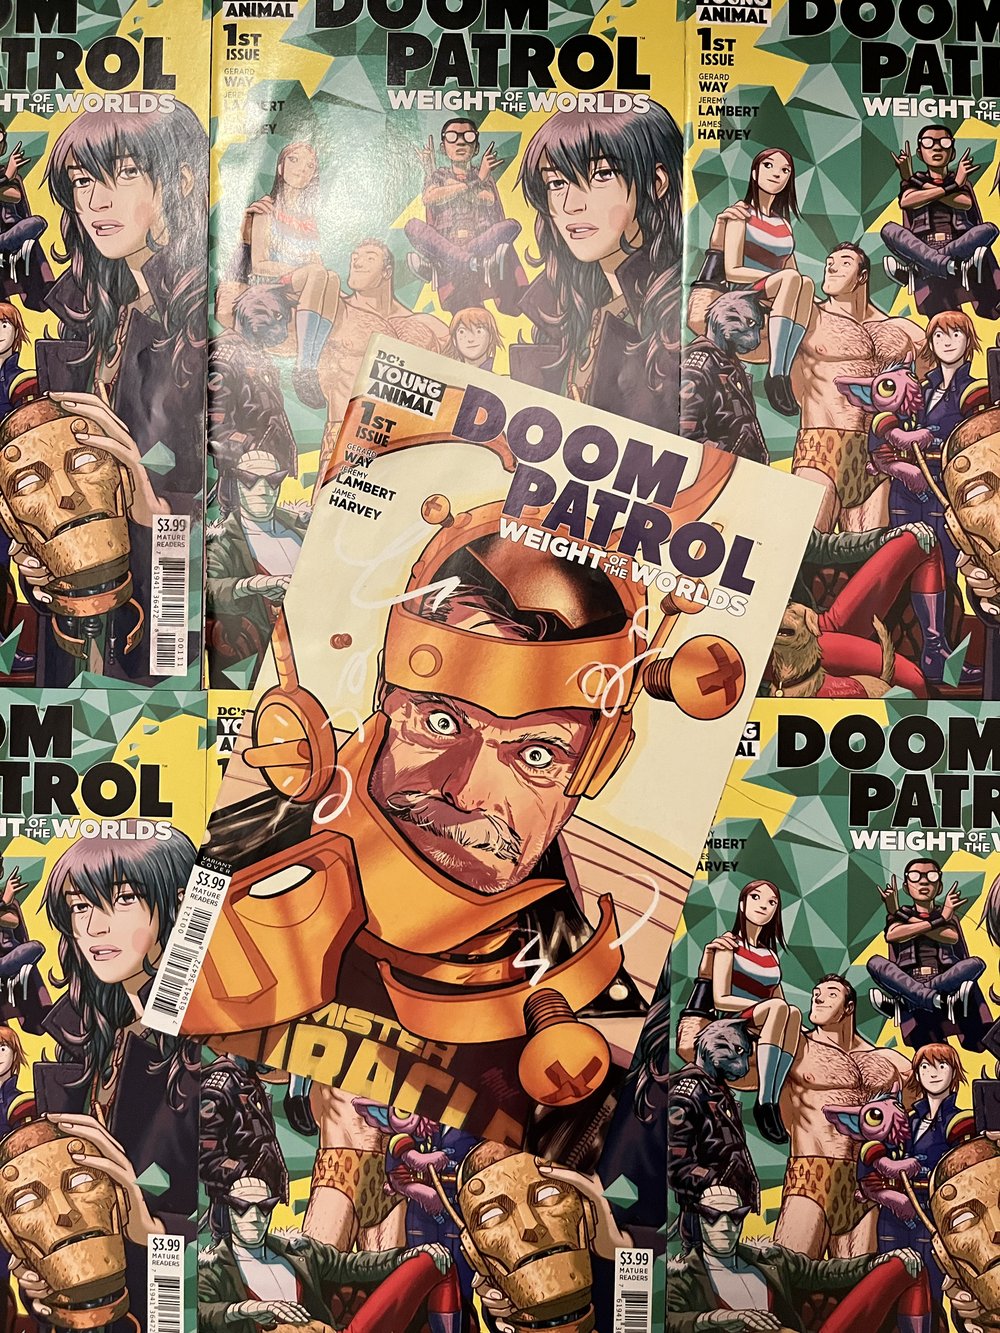 DOOM PATROL: WEIGHT OF THE WORLDS #1 (Signed)
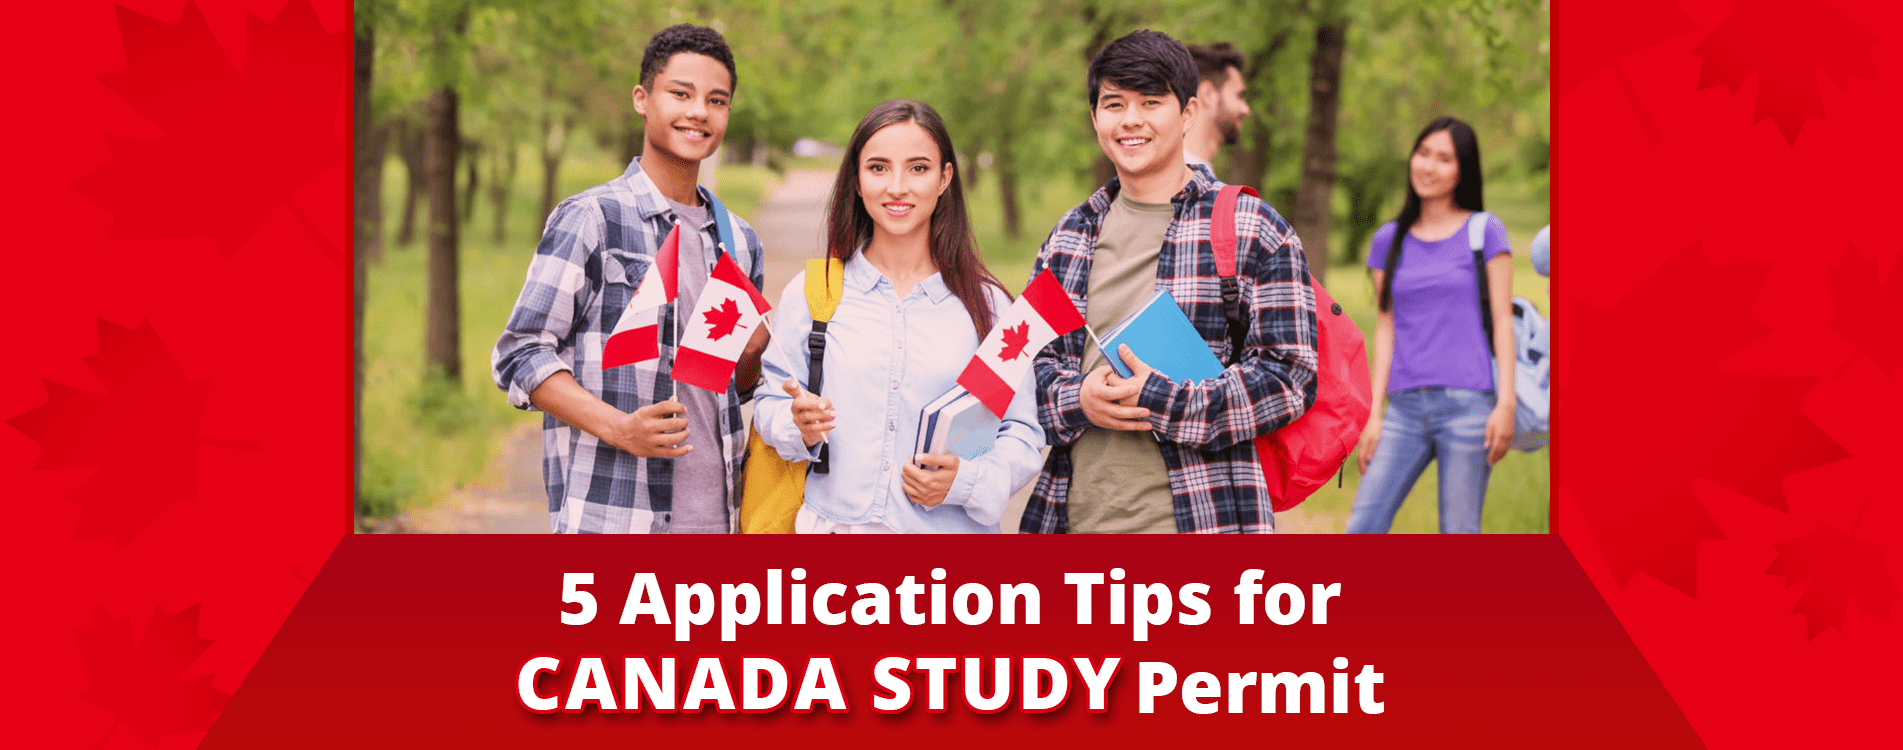 5 Application Tips for Canada Study Permit
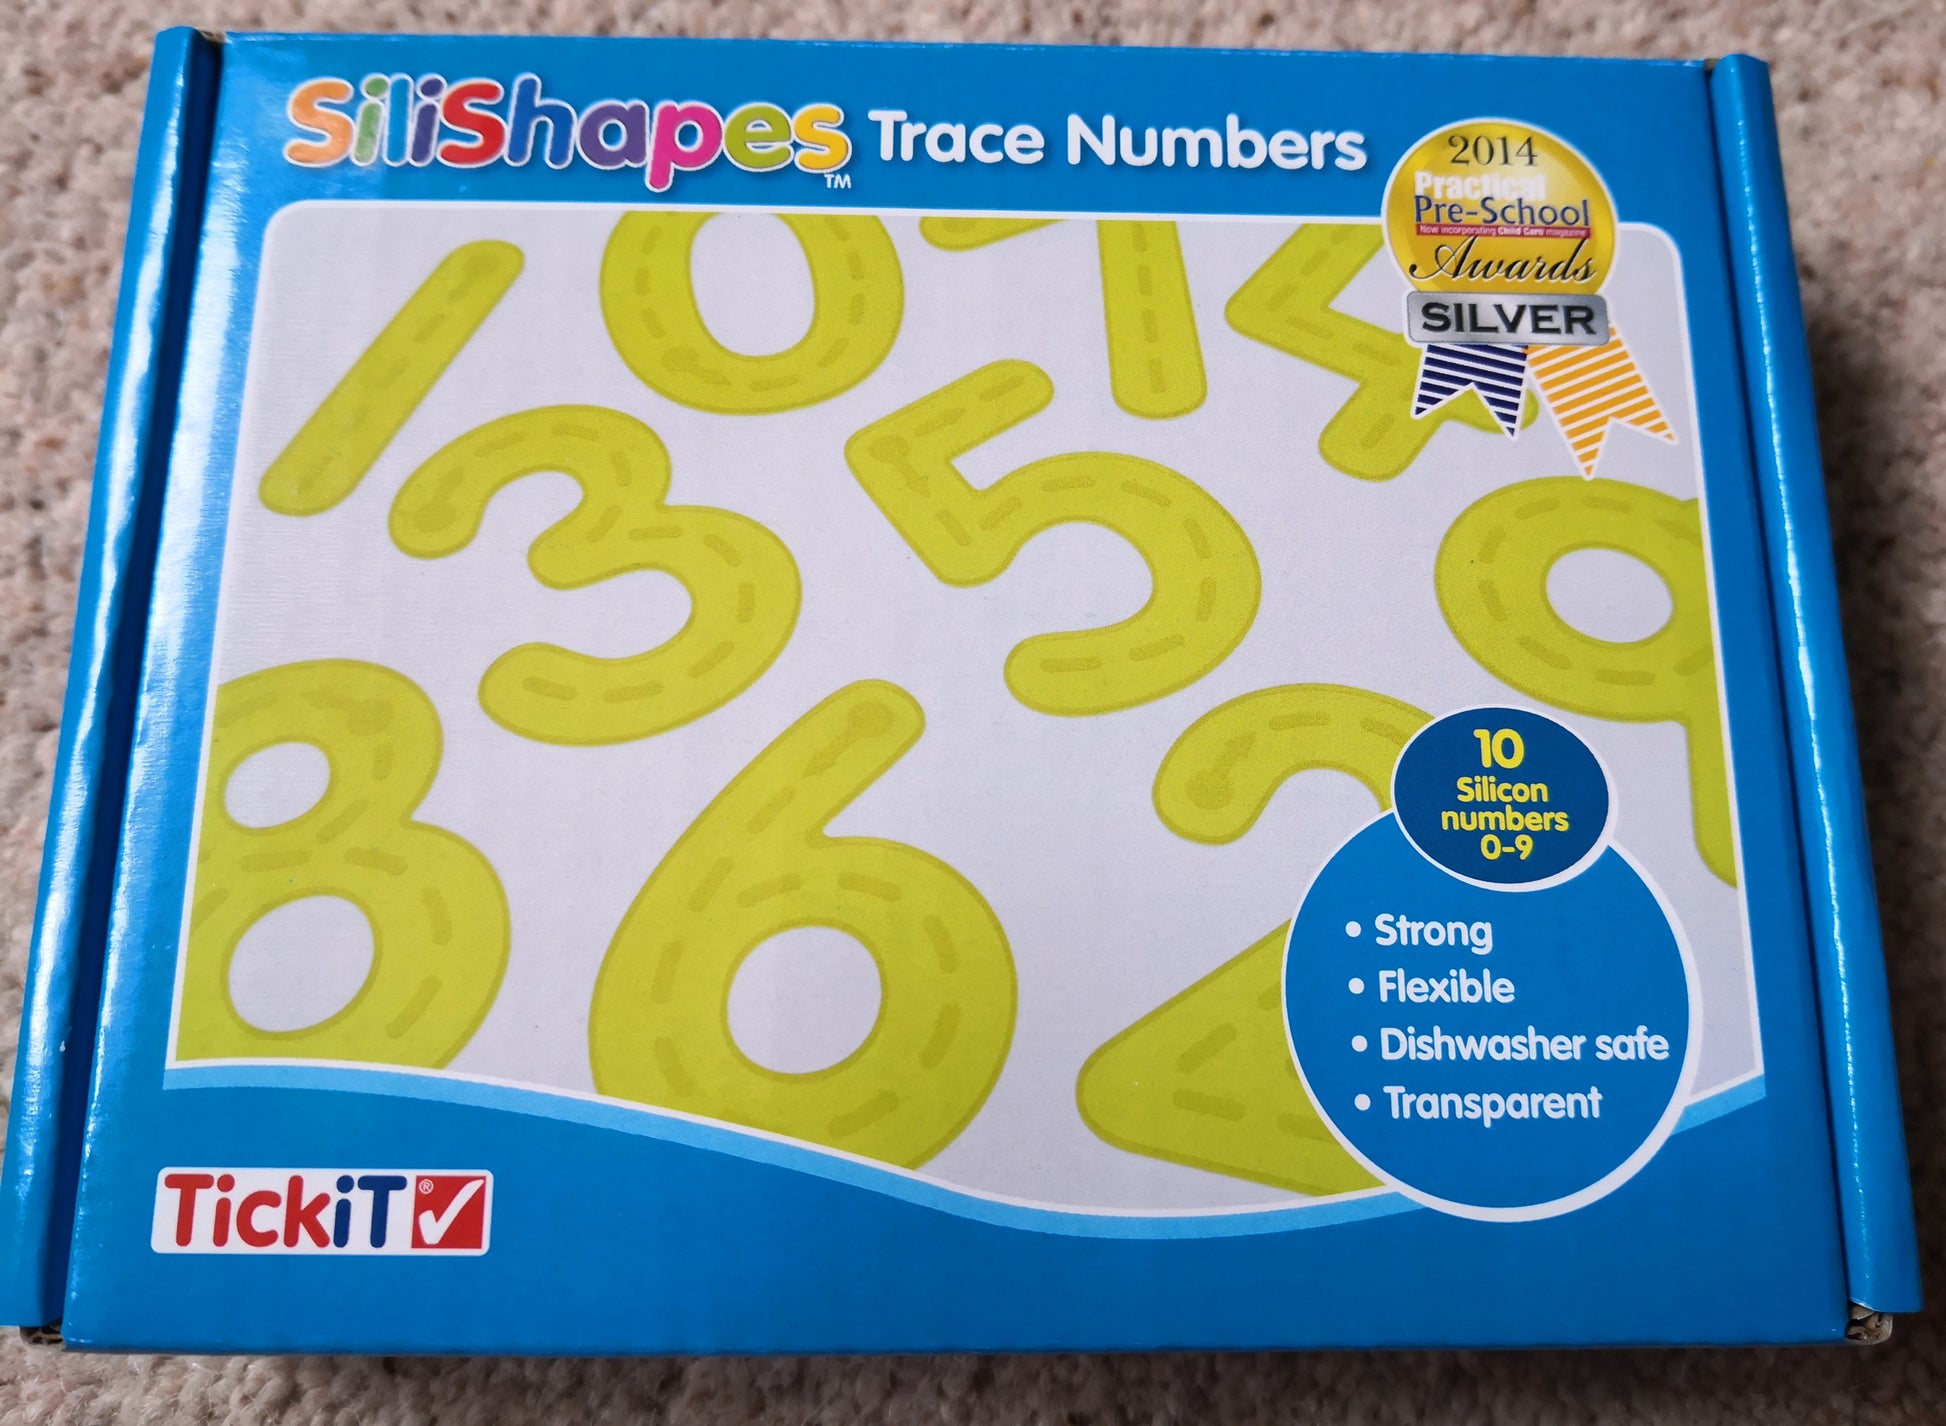 Trace numbers - yellow silishapes
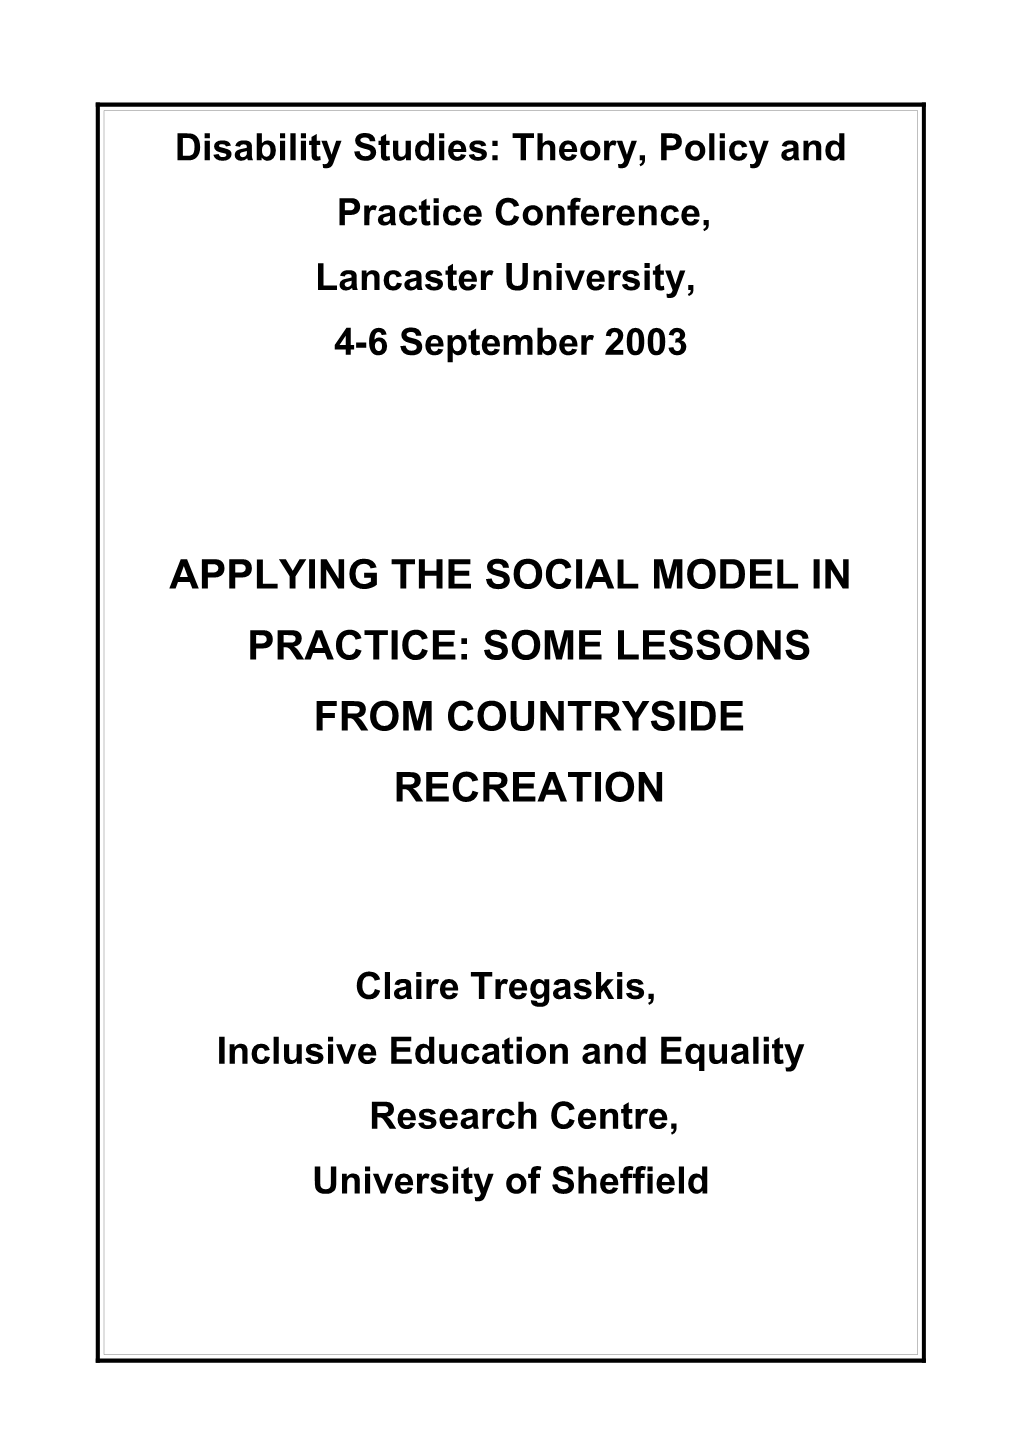 Applying the Social Model in Practice: Lessons from Countryside Recreation

=======

● Task statement
Please transcribe the listing exactly as it stands, but omit its pictures.

● Response
 DOOM PATROL: WEIGHT OF THE WORLDS #1 (Signed)
 5 Application Tips for Canada Study Permit
 Trace numbers - yellow silishapes
 Applying the Social Model in Practice: Lessons from Countryside Recreation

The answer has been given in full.